■ **Stored data**:

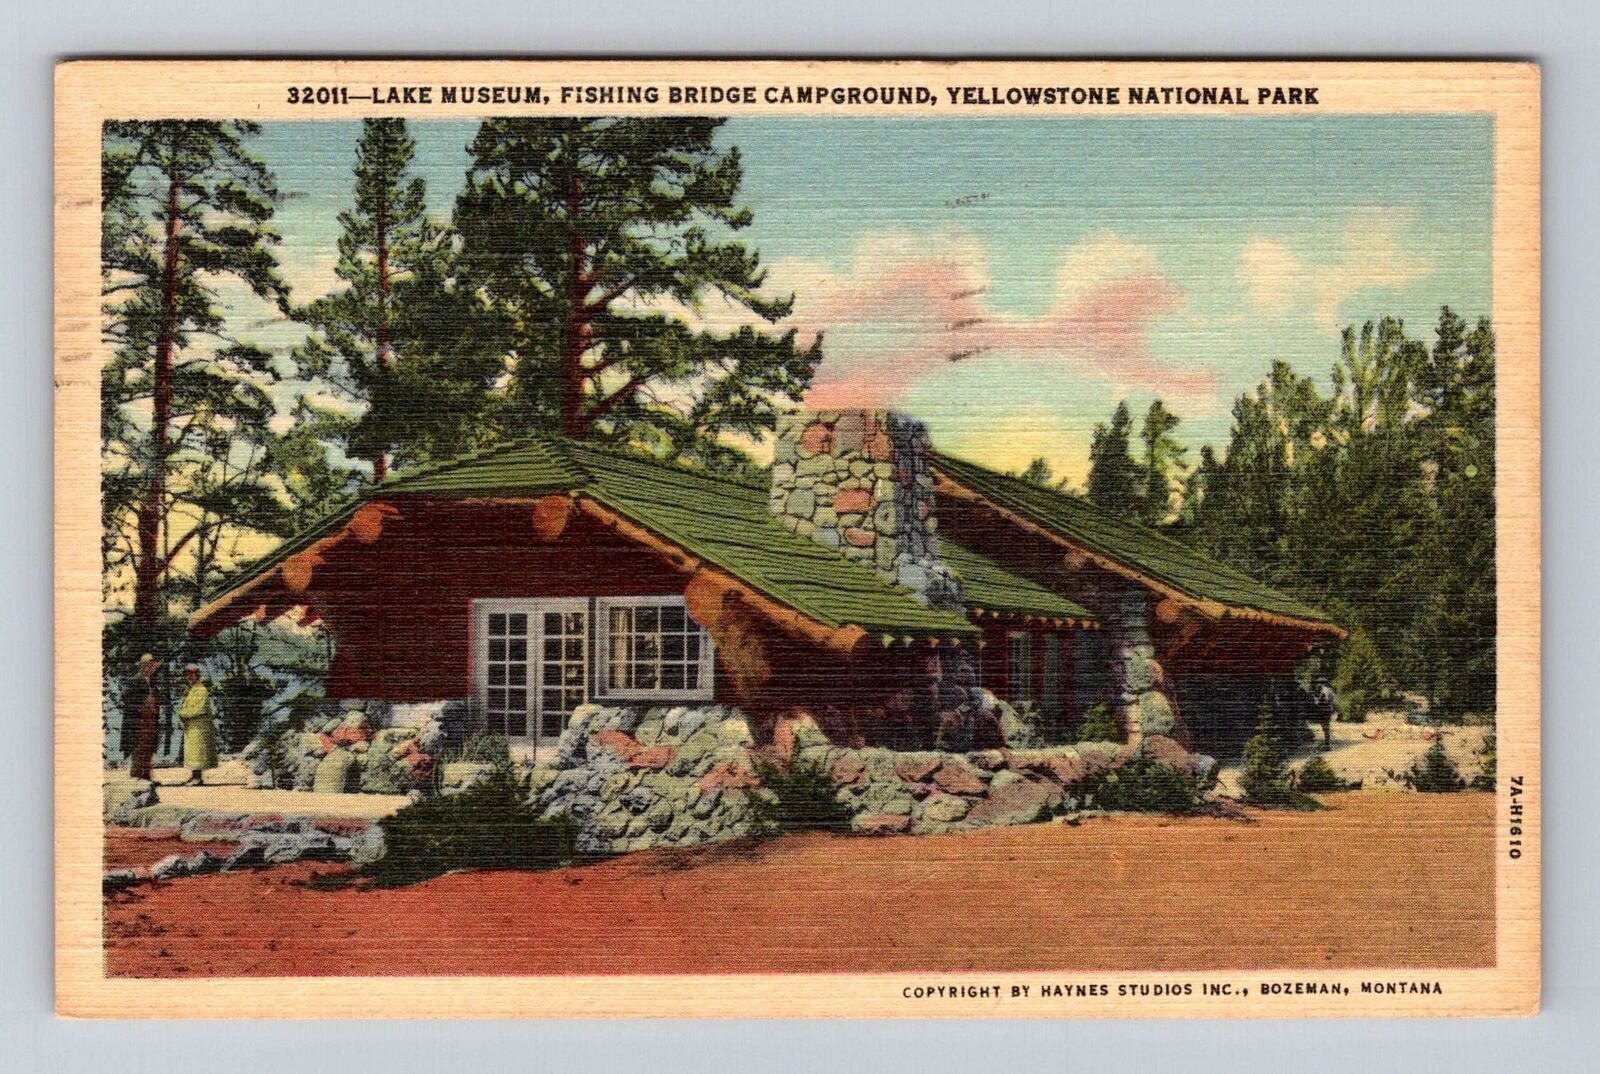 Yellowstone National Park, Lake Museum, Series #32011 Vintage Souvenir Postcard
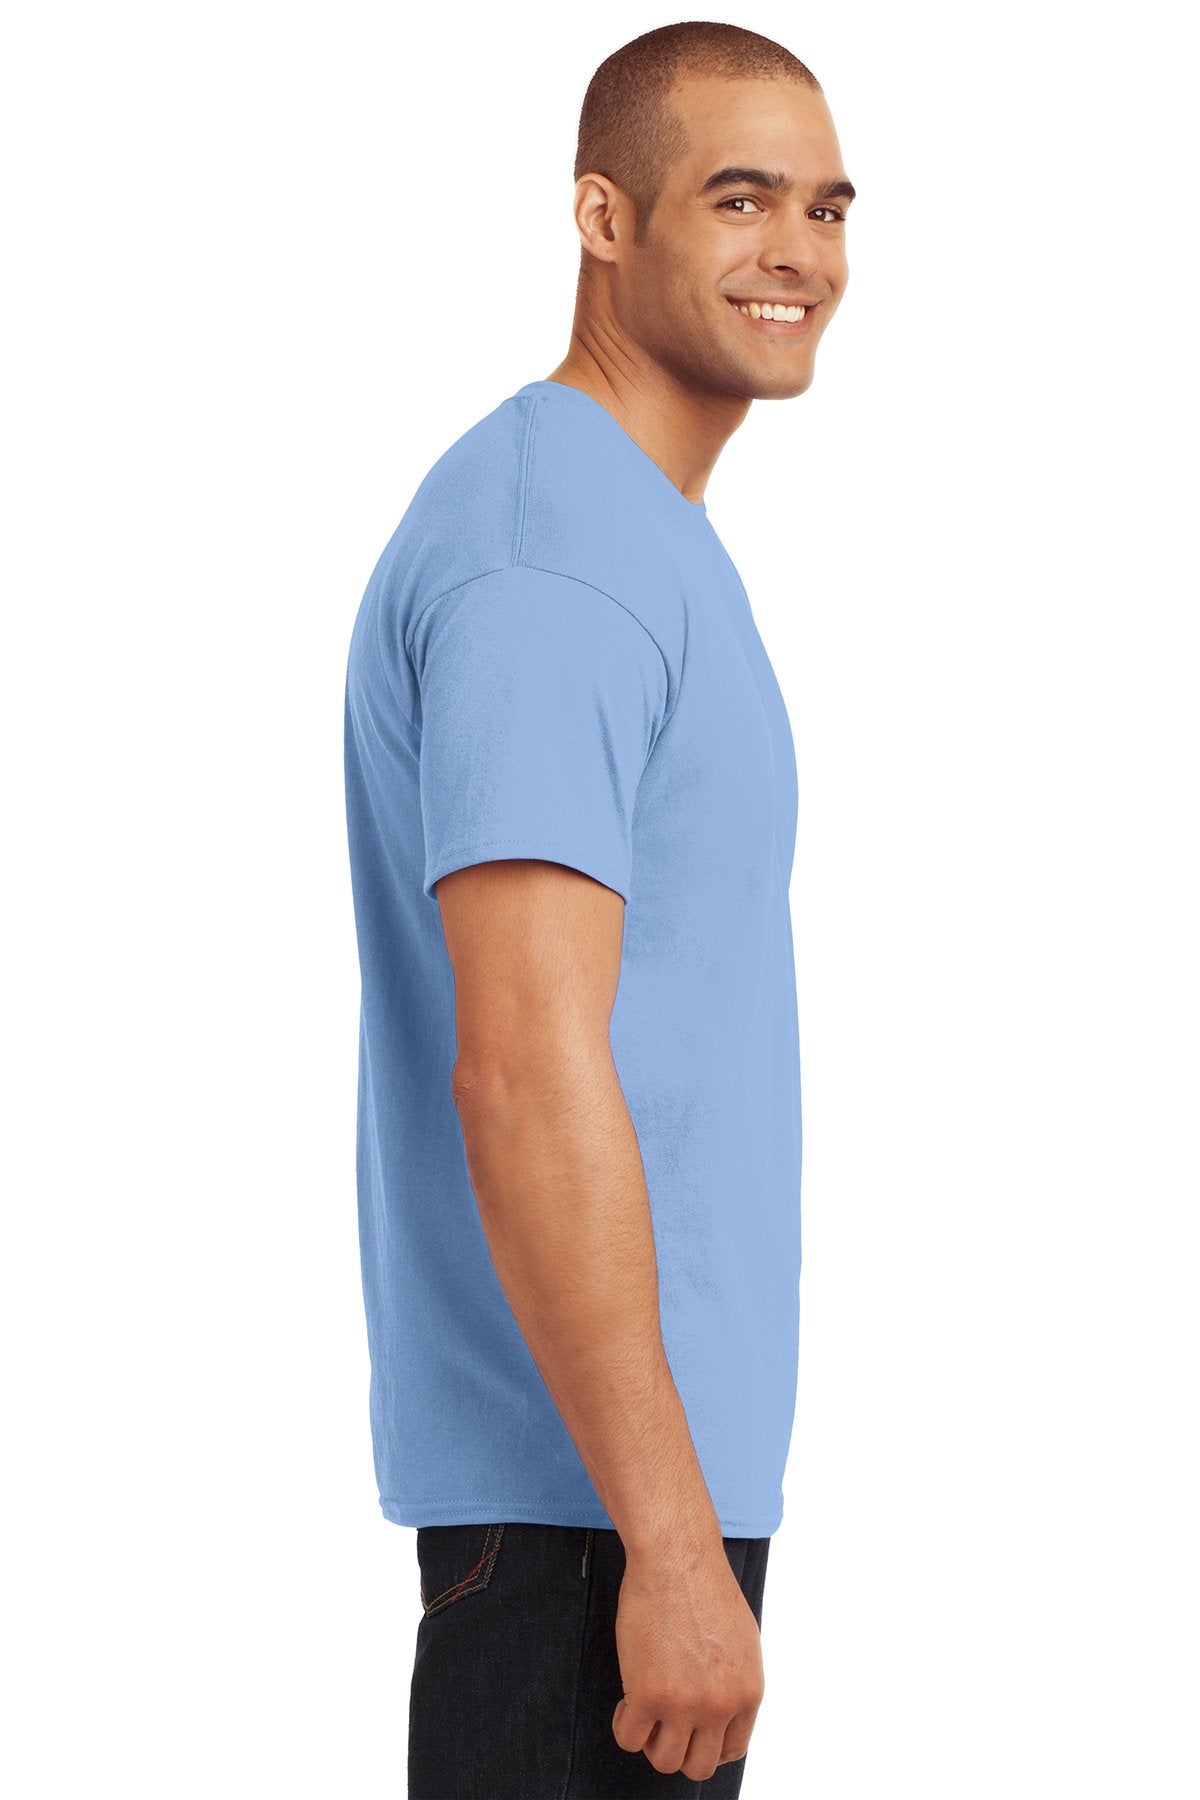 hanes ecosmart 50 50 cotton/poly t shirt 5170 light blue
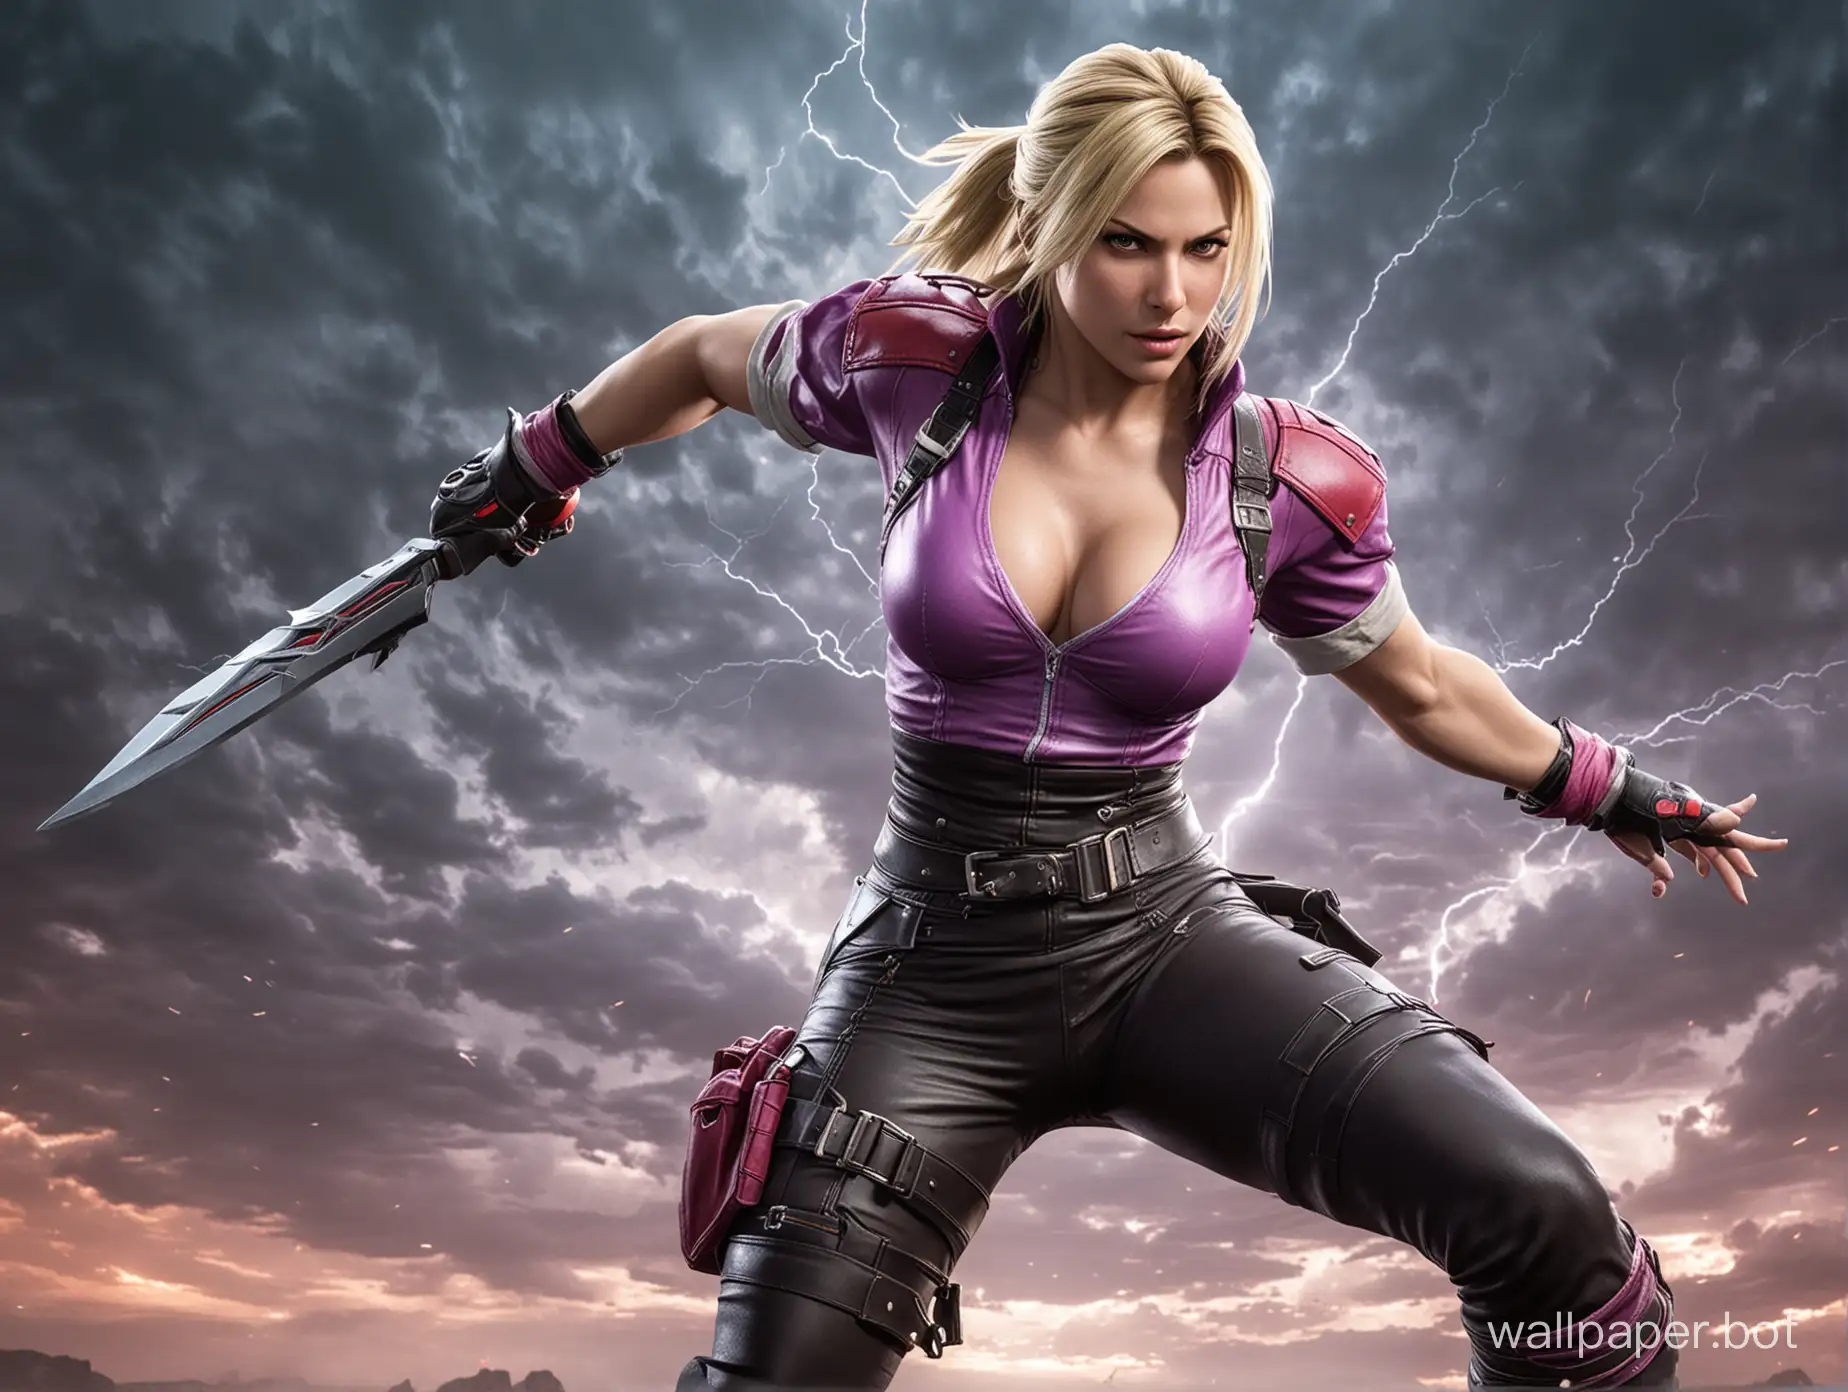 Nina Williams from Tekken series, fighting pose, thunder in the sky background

■ **Instructions to follow**: Before copying the data, remove the pictures. Then repeat the rest exactly.

■ **The answer**:
 Yellowstone National Park, Lake Museum, Series #32011 Vintage Souvenir Postcard
 hanes ecosmart 50 50 cotton/poly t shirt 5170 light blue
 Nina Williams from Tekken series, fighting pose, thunder in the sky background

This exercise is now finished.